The NZIS dataset is collected from households:
Due to its large sample size, the NZIS is particularly good for making income comparisons across different population groups. For example, using the NZIS it is possible to compare incomes across demographic variables such as age, ethnicity, sex, qualifications and household type. It is also possible to compare the average weekly income of those in paid employment with those not in paid employment as well as the hourly earnings of those in full-time employment with those in part-time employment. This data is useful for exploring the implications of full, partial or non-participation in paid employment upon individual income levels. (Statistics NZ, 2008a, p6)

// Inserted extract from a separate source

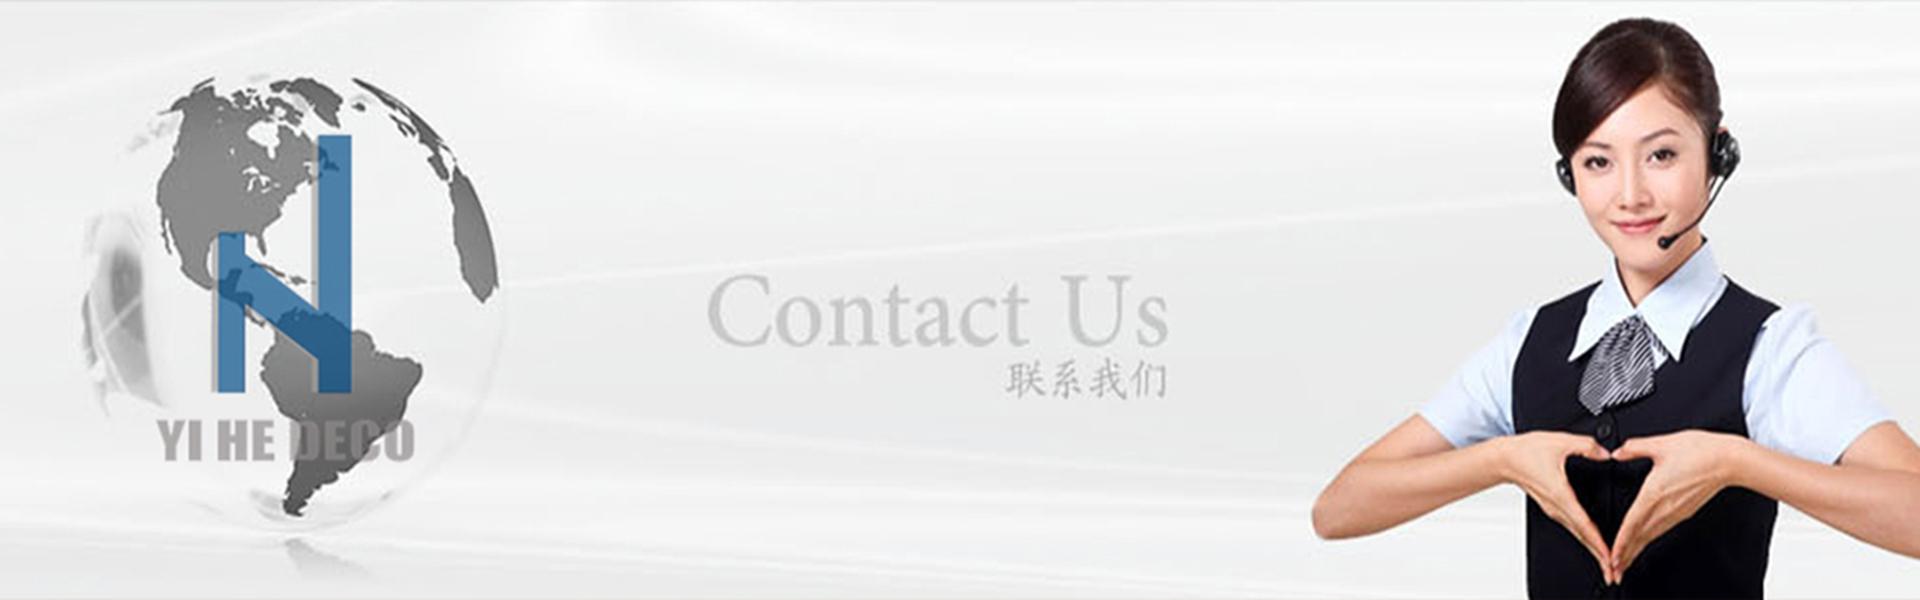 泰安立天广告传媒有限公司成立于2004年,公司位于泰安光彩大市场,是一家技术先进、实力雄厚,集广告设计、户外广告、楼顶广告、标识标牌于一体的专业制作公司。专业制作各种门头广告牌、灯箱、LED发光字、吸塑发光字、超薄灯箱、水晶灯箱、吸塑灯箱、LED显示屏、展板、X展架、易拉宝、钛金字、铁皮字、水晶字、PVC字、写真、喷绘、印刷彩页、海报、条幅、锦旗、彩旗、绶带、制度牌、标牌、租售桁架舞台等。是一家集设计、制作、安装,为一体的综合性广告公司。

The NZIS is also very useful when looking at the distribution of income in New Zealand. In particular, the NZIS data on personal income distribution, which is presented in quintiles, shows which demographic characteristics are most strongly associated with a lower income and, in turn, a higher income. Quintiles divide the population into five groups by ranking people in order by the amount of income they receive. The bottom quintile (quintile 1) is the lowest 20 percent of the population in terms of income, while the top quintile (quintile 5) is the highest 20 percent of the population. Quintiles are particularly useful for illustrating how incomes are distributed amongst population groupings. (Statistics NZ, 2008a, pp6–7)

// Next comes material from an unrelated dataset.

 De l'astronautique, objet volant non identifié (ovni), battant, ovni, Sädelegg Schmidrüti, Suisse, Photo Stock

There are a couple of points to note with the NZIS that can be confusing for those unfamiliar with the dataset. There are 3 tables on the website under ‘Tables’ that relate to employment status. These are, ‘Average Weekly Income for People in Paid Employment’, ‘Average Weekly Income for People Not in Paid Employment’ and ‘Average Weekly Income by Labour Force Status’.
The first table, ‘Average Weekly Income for People in Paid Employment’, looks at the breakdown of income received only by those in paid employment across several sources including wages and salaries, self-employment, government transfers and investments. Put simply, the table takes the amount of money earned by people in paid employment from the various sources listed above and divides each source's total by the number of people in paid employment. The second table provides a similar breakdown, but for those not in paid employment. Those in paid employment are those receiving income from wages and salaries and/or self-employment. The third table, ‘Average Weekly Income by Labour Force Status’, shows income received from all sources combined, according to an individual's labour force status. This table also includes people not in the labour force. Note that to be categorised as ‘in the labour force’ a person must be either currently employed or actively seeking employment.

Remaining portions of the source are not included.